Les commotions chez l’homme

Les pics subissent de nombreux chocs à fort impact sur la tête lorsqu’ils picorent.

Ils ont des plumes et des griffes de queue puissantes qui les aident à garder leur équilibre lorsque leur tête se déplace vers le tronc d’arbre à 7 mètres (23 pieds) par seconde. Puis, lorsque leur bec frappe, leur tête ralentit à environ 1 200 fois la force de gravité (g).

Tout cela se produit sans que le pic ne subisse de commotions ou de lésions cérébrales.

Une commotion est une forme de lésion cérébrale traumatique causée par des coups répétés à la tête. Elle est courante et se produit fréquemment lors de sports de contact comme le football ou le hockey.

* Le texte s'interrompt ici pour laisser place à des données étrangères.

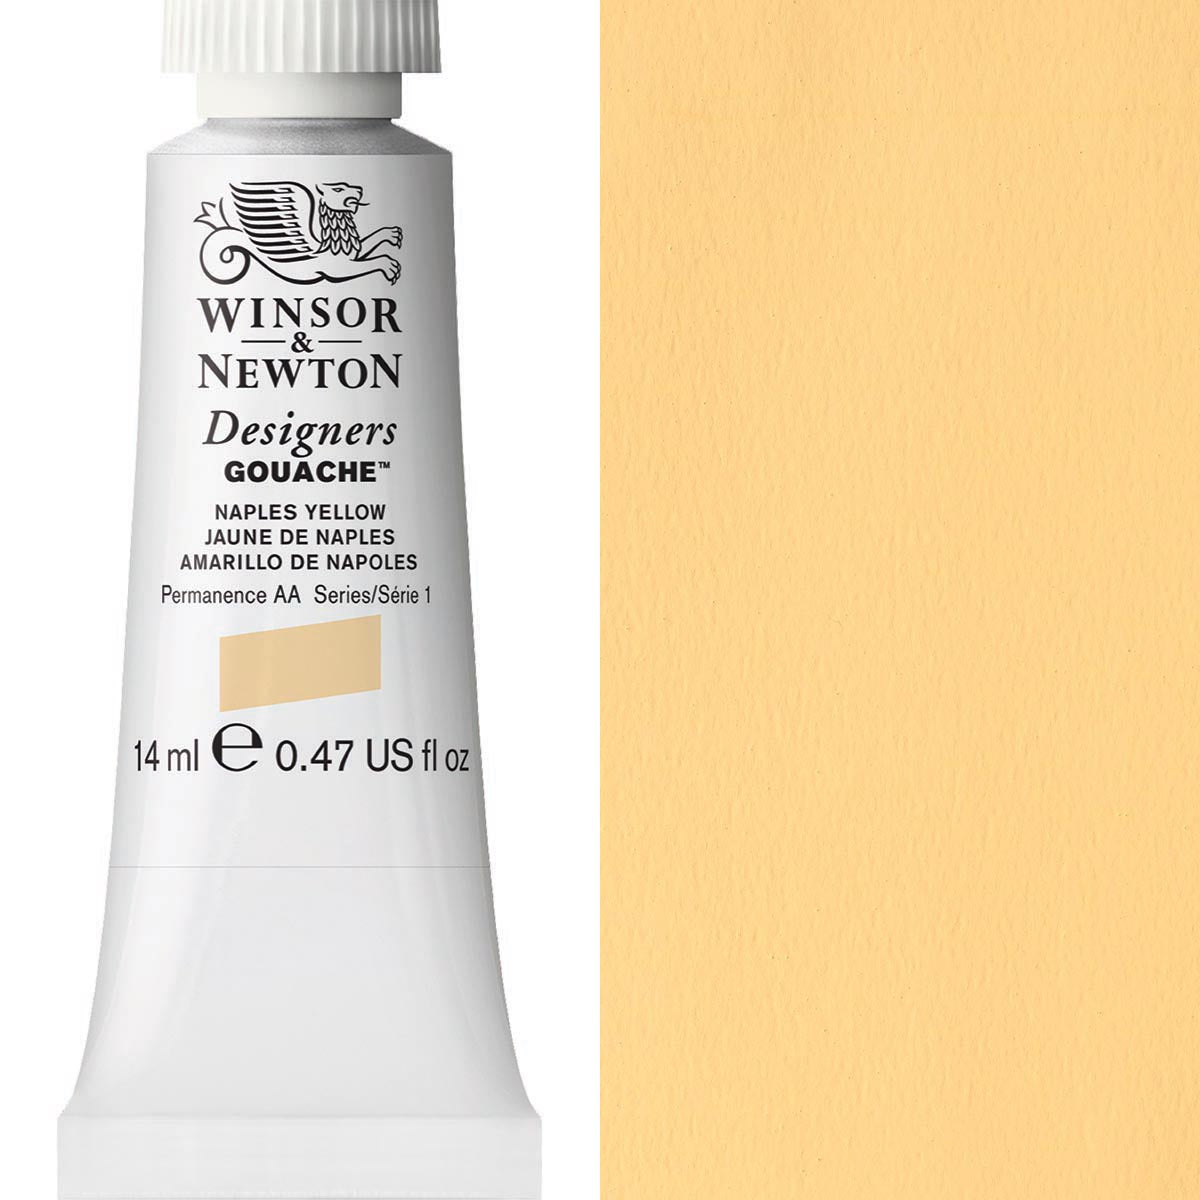 Winsor and Newton - Designers Gouache - 14ml - Naples Yellow

Les lésions cérébrales traumatiques répétées finissent par provoquer un trouble cérébral progressif, l’encéphalopathie traumatique chronique (ETC), qui est irréversible et entraîne des symptômes tels que la perte de mémoire, la dépression, l’impulsivité, l’agressivité et le comportement suicidaire.

La Ligue nationale de football affirme que les commotions cérébrales chez les joueurs de football se produisent à partir de 80 g. Alors comment les pics survivent-ils à des impacts répétés de 1 200 g sans endommager leur cerveau ?

Nous avons cherché les secrets clés de la capacité du pic à tolérer l’impact élevé pendant le martelage. Nous avons étudié les microstructures des os, puis fait une analyse biomécanique sur la tête.

Structures inhabituelles des os du crâne et de la langue

En comparant les crânes des pics et des poulets, nous avons découvert que les pics ont des adaptations pour absorber les impacts que les autres oiseaux n’ont pas. Cela comprend des os du crâne spécialisés, des muscles du cou, des becs et des os de la langue.

Les os du crâne ont une composition chimique et une densité différentes. Par exemple, une adaptation structurelle est réalisée en augmentant l’accumulation de minéraux dans les os pour les rendre plus rigides et plus forts par rapport aux autres oiseaux.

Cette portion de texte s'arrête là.